# For robert@fm



## Northerner (Oct 23, 2012)

http://cat-bounce.com/


----------



## Caroline (Oct 24, 2012)

Gymnastics for cats


----------



## Caroline (Oct 24, 2012)

clicko nthe make it rain words in the right hand corner. The chap I work wih and I have just spent tenminutes watching this instead of working so we are in trouble withthe boss...


----------



## Northerner (Oct 24, 2012)

Caroline said:


> clicko nthe make it rain words in the right hand corner. The chap I work wih and I have just spent tenminutes watching this instead of working so we are in trouble withthe boss...

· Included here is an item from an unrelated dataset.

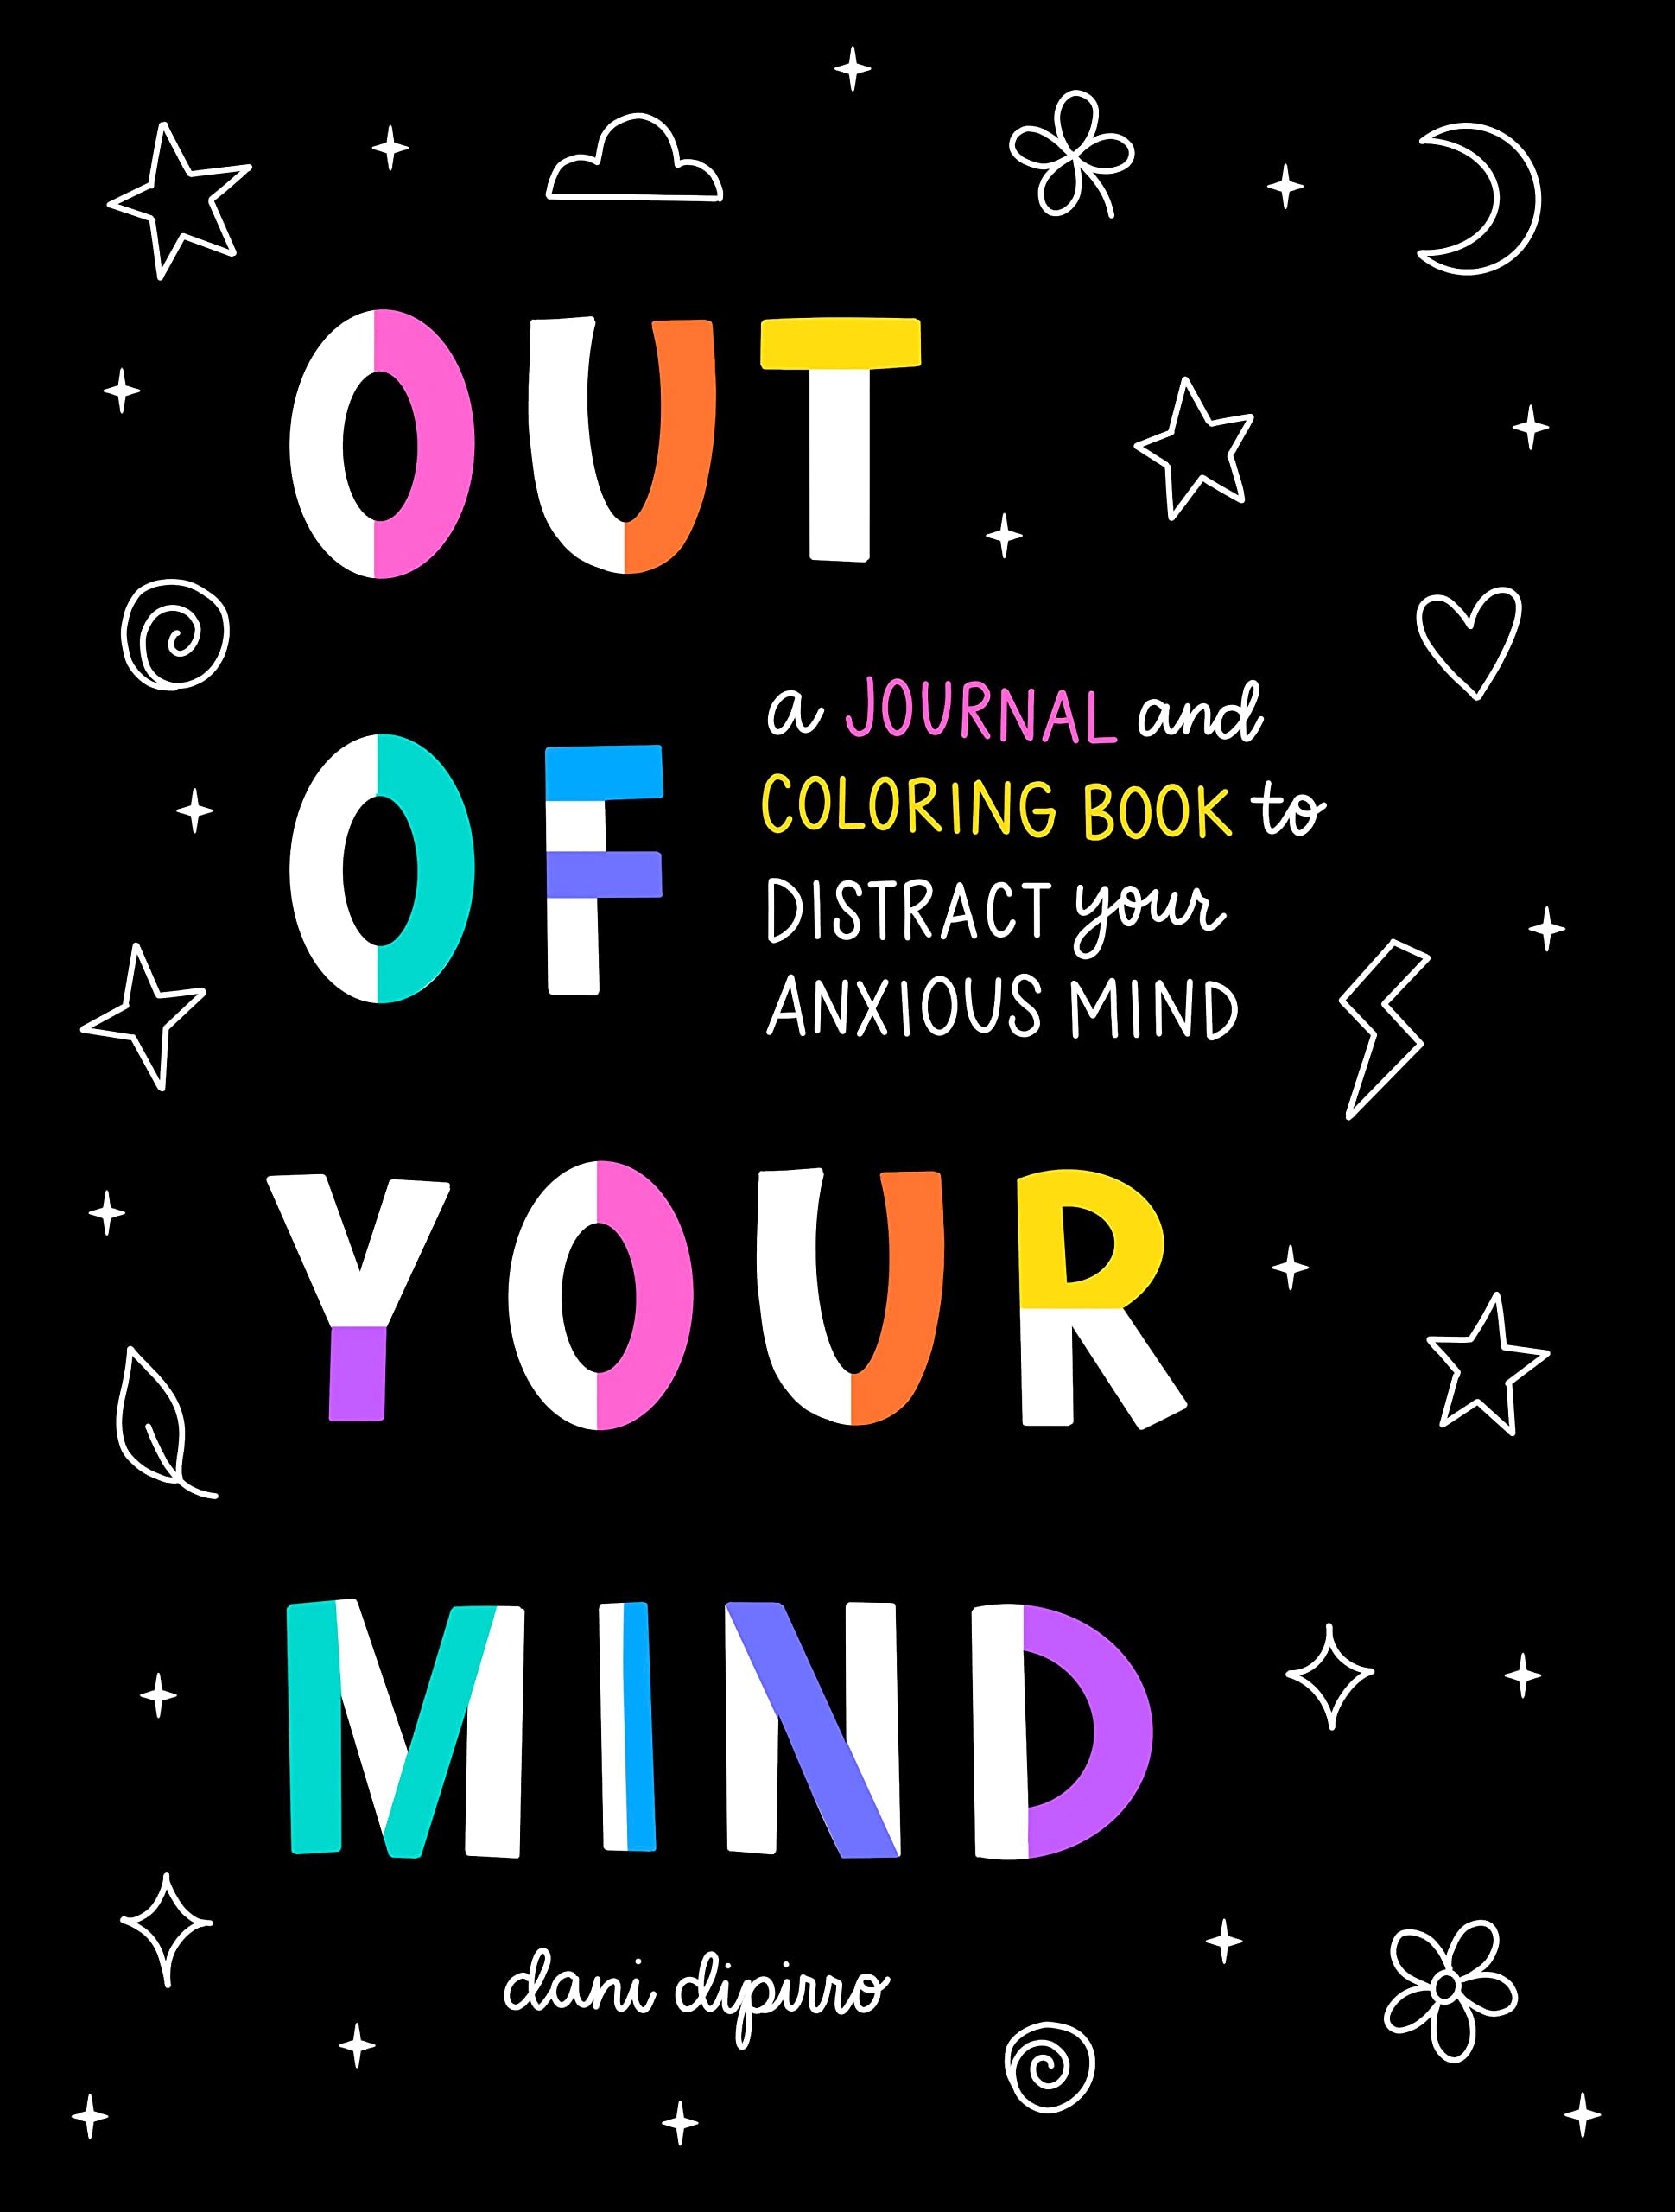 https://www.weareteachers.com/wp-content/uploads/Out-of-Your-Mind-Coloring-Book-Journal.jpg
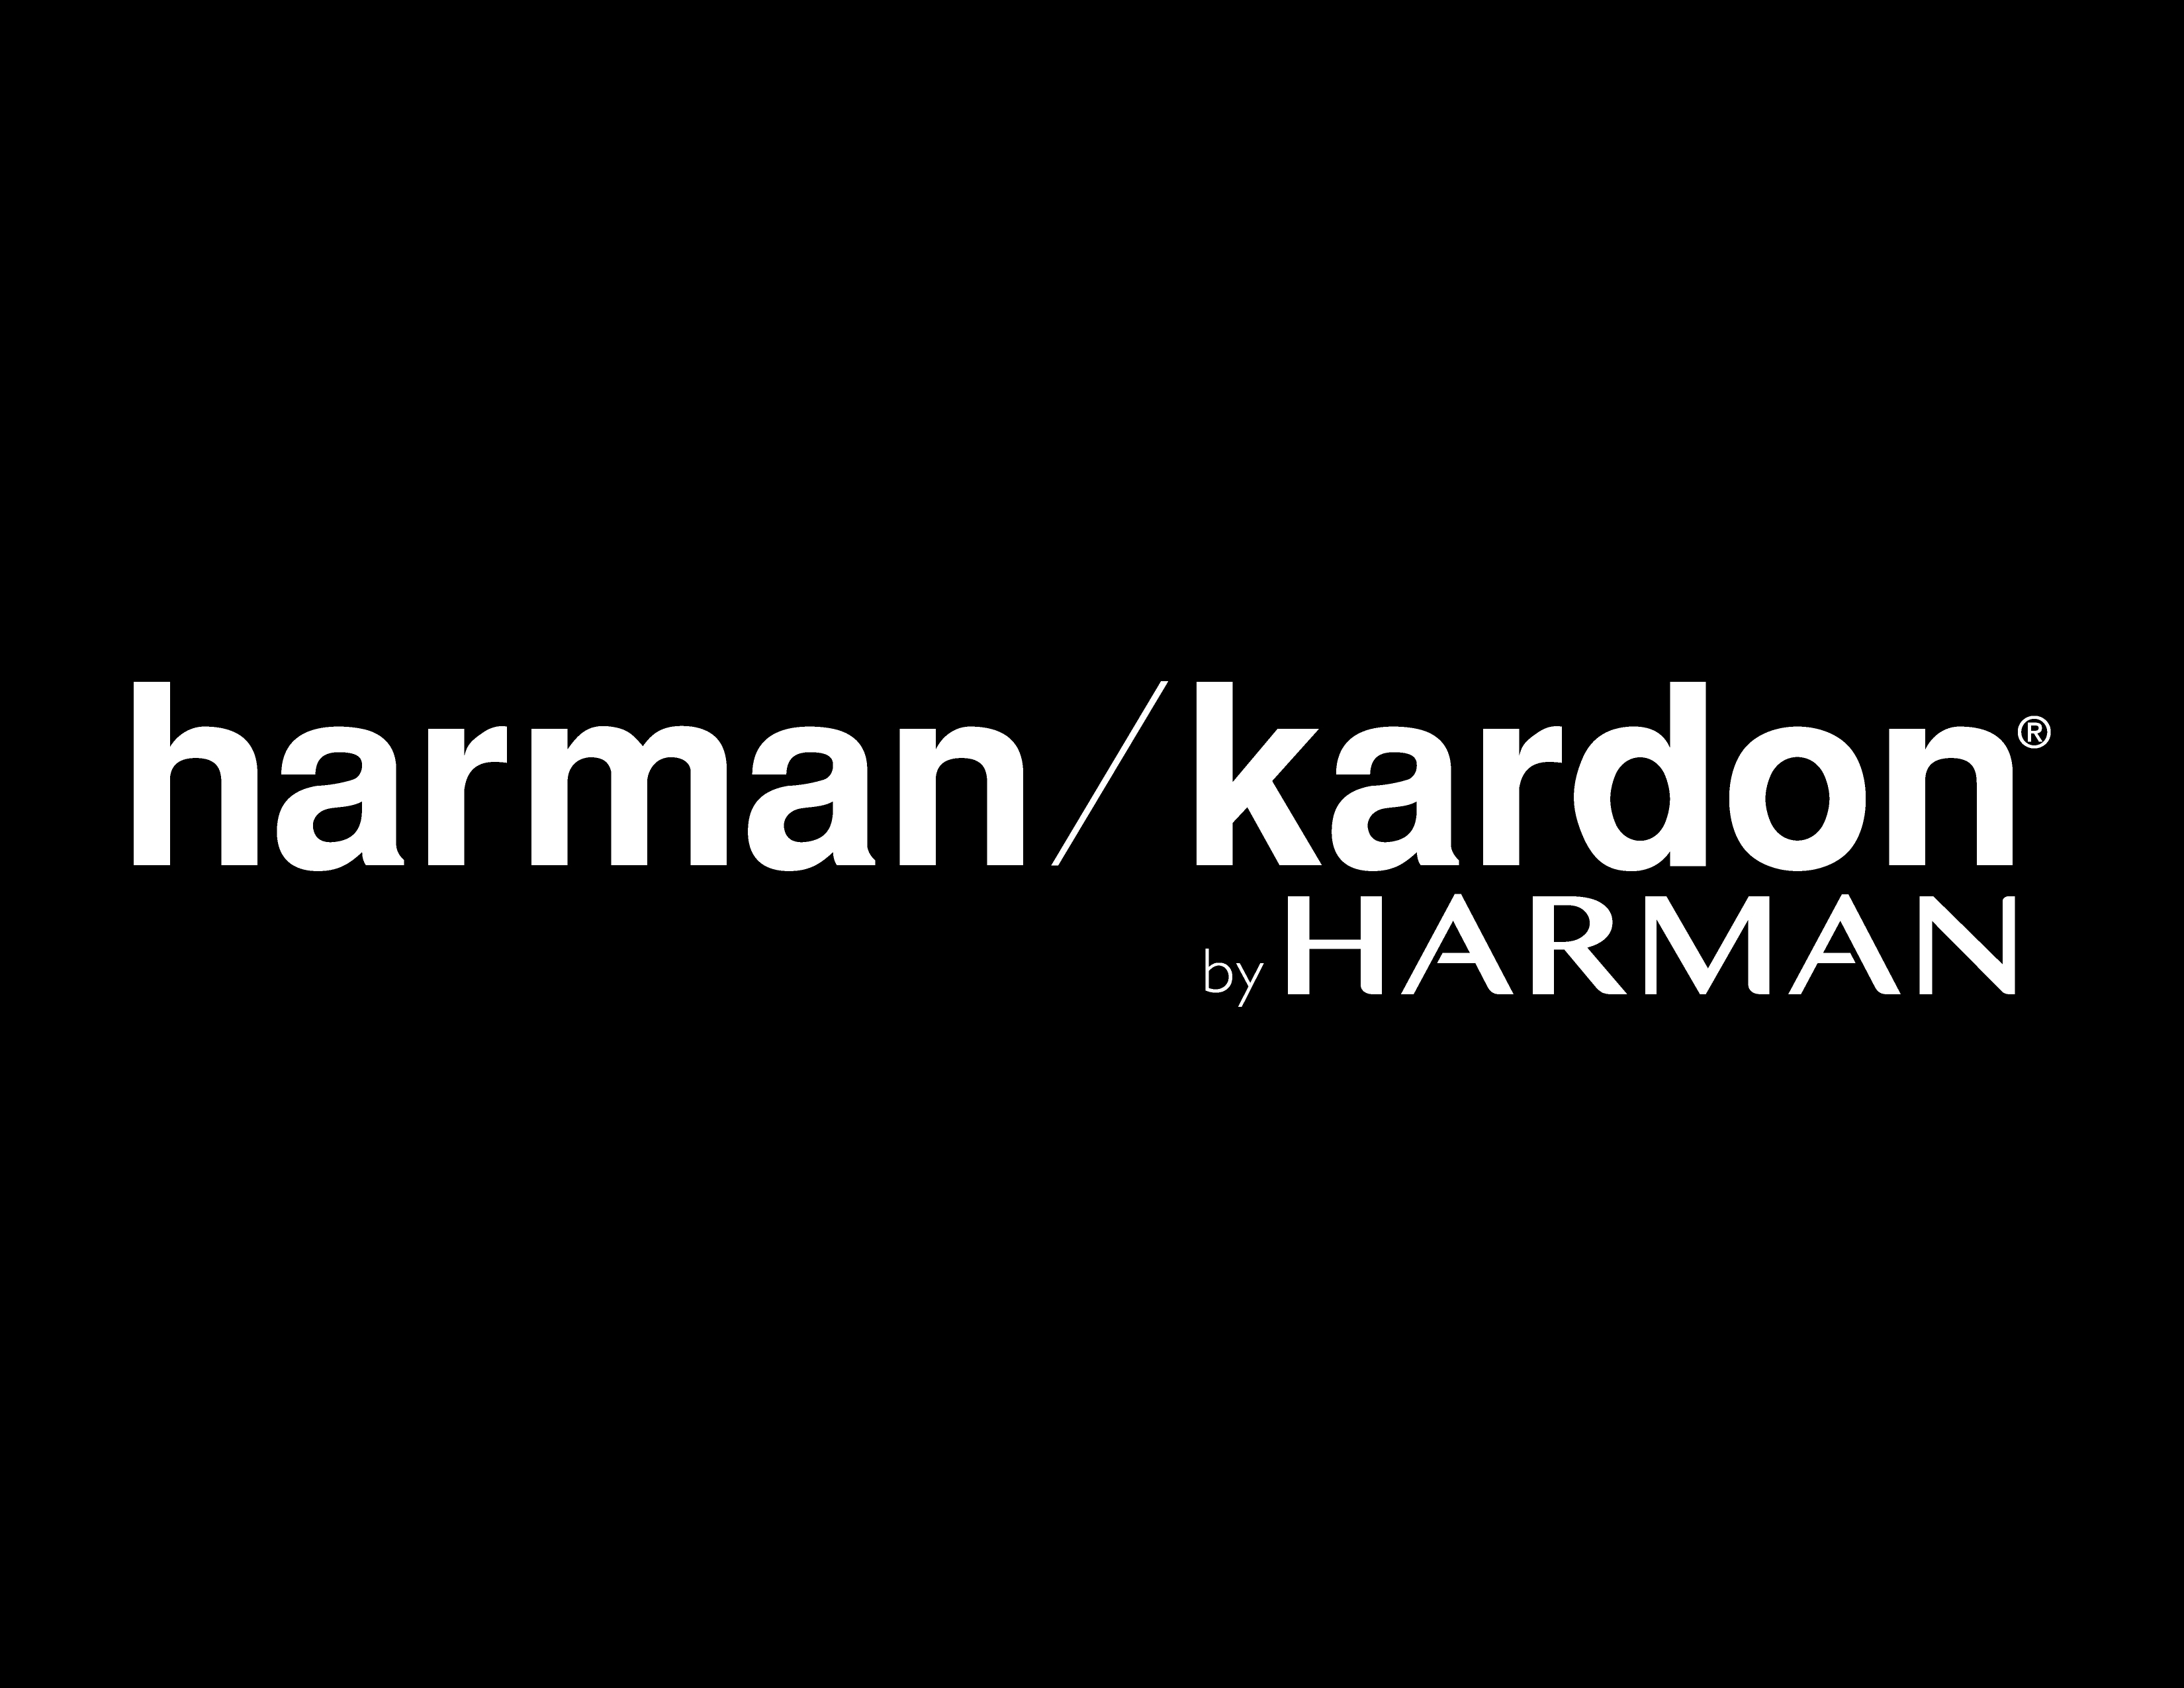 Car Audio Stickers Car-styling For Harman/kardon For Bmw E46 E90 E60 E39  E36 F30 Mercedes Benz W211 W203 W204 W210 W124 Amg W202 - Automotive  Interior | Fruugo NO

Hadn't noticed that before!  Didn't see any dogs!


----------



## robert@fm (Oct 24, 2012)

It's also possible, by dragging a cat with your mouse pointer, to toss it upward so it bounces more vigourously.


----------



## Caroline (Oct 25, 2012)

the chap I work with and me got into trouble playing with this till everyone else decided it was fun too.


----------



## robert@fm (Dec 24, 2012)

This page now has seasonal snow!


----------



## AlisonM (Dec 24, 2012)

Rofl!


----------



## robert@fm (May 31, 2013)

This page makes an oddly appropriate visual accompaniment to Blondie's "Heart of Glass"!


----------



## ypauly (May 31, 2013)

it is strangely hypnotic


----------



## robert@fm (Feb 7, 2018)

Just discovered this again!  It's a good (and very silly/cute) way to waste a few minutes.


----------



## Vince_UK (Feb 8, 2018)

Just found this. It is very hypnotic My eyes are like cartwheels lol 
Actually surprised I manage to open it


----------